Are you constructing your own retirement portfolio or just relying on a 401(k) or pension fund? If you’re building your own, subscribe to this newsletter. For more traditional, company-funded employees, it’s not worth the money. You can get all the information provided in this monthly publication for free on sites like Yahoo Finance and Investopedia.

Other Member Packages

The three premium newsletters above were created for investors seeking advice and information to construct winning portfolios. The Motley Fool has other premium subscriptions available that are specialized and, not surprisingly, more expensive. I’m not going to go too deep into the weeds on those.

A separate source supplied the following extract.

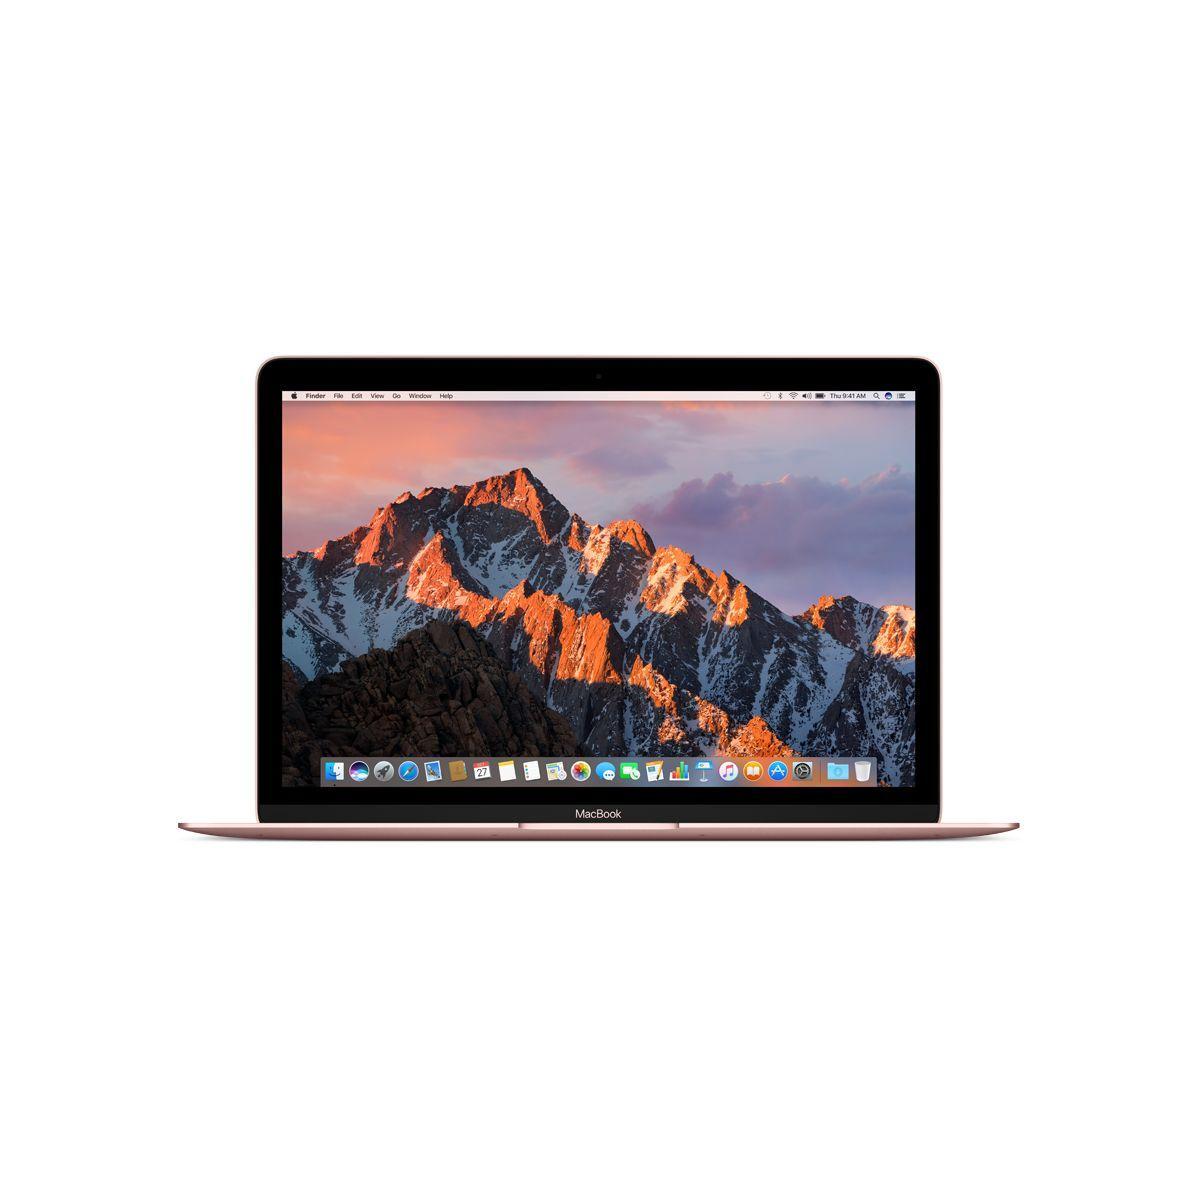 Ordinateur apple macbook 12p 512go or rose i5 1.3ghz (photo)

Here’s a list with brief explanations:

  • Cloud Disruptors 2020 – $1999 per year: Stock picks, advice, and information on the projected $3.2 trillion cloud computing market.
  • One Access – $13,999 per year: Unlimited access to all Motle5y Fool services including Tom Gardner’s real money Everlasting Portfolio.
  • Premier Pass – $3999 per year: An access pass to a combination of Motley Fool services, including Stock Advisor, Rule Breakers, Marijuana Masters, Crypto Society, and Options.
  • Market Pass – $1499 per year: Recommendations from Stock Advisor and Rule Breakers, along with Motley Fool research on market trends in AI and biotech. 
  • Options – $999 per year: Billed as “Options University,” this subscription is highlighted by a weekly email providing news, commentary, and updates on options trading.
  • Supernova – $2999 per year: Access to David Gardner’s portfolio models and investment strategies, including historical stock market plays. 
  • Total Income – $1999 per year: Also includes access to Options, this selection outlines high-yield, dividend growth, low risk, options, and bonds strategies.
  • Everlasting Portfolio – $2999 per year: Access to Tom Gardner’s personal model portfolio. Buy and sell guidance from Tom to duplicate his success. 

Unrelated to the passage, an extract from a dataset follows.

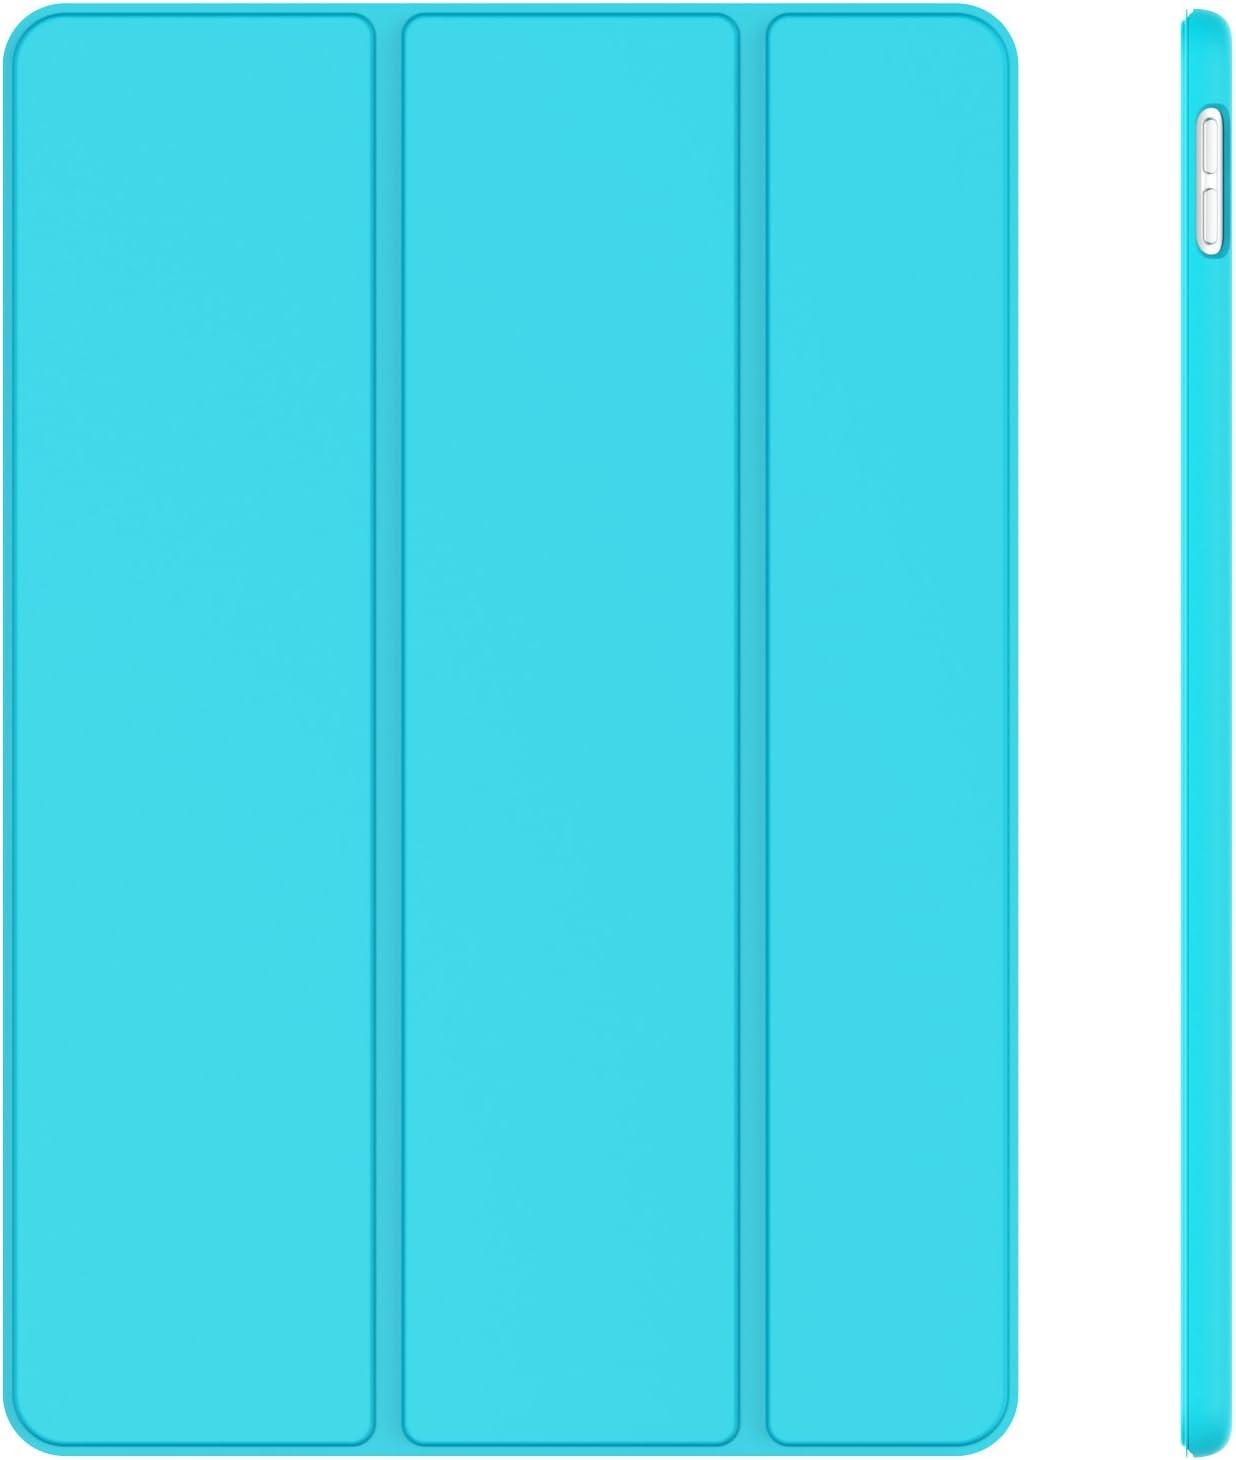 JETech Case for iPad Air 3 (10.5-inch 2019) and iPad Pro 10.5, Auto Wake/Sleep, Blue

The following subscriptions are listed as “Extreme Opportunities” and are each $1999 per year. The titles are self-explanatory, so there’s no need to elaborate. These are also all currently not accepting new members, as of the writing of this review.   

  • Global Partners
  • Marijuana Masters
  • Augmented Reality
  • Artificial Intelligence
  • Future of Entertainment 

Other subscription options include a “Discovery” section that has Warren Buffett portfolio suggestions in a newsletter called Moneymakers, a Rising Stars option for investing in new companies, and access to IPO Trailblazers. You can subscribe to each individually for $1999 per year or spend $4999 per year (titled: Boss Mode) to get access to all of them.

Pros and Cons

There are a lot of positives in subscribing to the Motley Fool. There are also some negatives to consider, particularly if you’re going for one of the higher end packages. 

Pros:

  • Access to comprehensive stock market research
  • Current source for market news and information
  • Free educational resources
  • Experienced company with a thirty-year track record of success
  • Multiple subscription options

Cons:

  • Subscribers become too reliant on recommended stock picks
  • Specialty premium subscriptions are too expensive
  • Research data is available for free elsewhere

Final Thoughts

If you’re going to embark on an investment or trading career, or even do it as a part time source of income, make sure you educate yourself and don’t rely strictly on stock promoters to make you successful. The Motley Fool is a good resource, but they are not infallible. Treat them for what they are, and you’ll reap rewards from subscribing to them.

As for the so-called “specialty” subscriptions, don’t waste your money. Start out with the free platform to learn the basics, then subscribe to Stock Advisor. The $199 per year that will cost you is a worthwhile investment. If you’re a financial advisor, ask your custodian or broker dealer if they offer similar resources. It should be included in your agreement with them.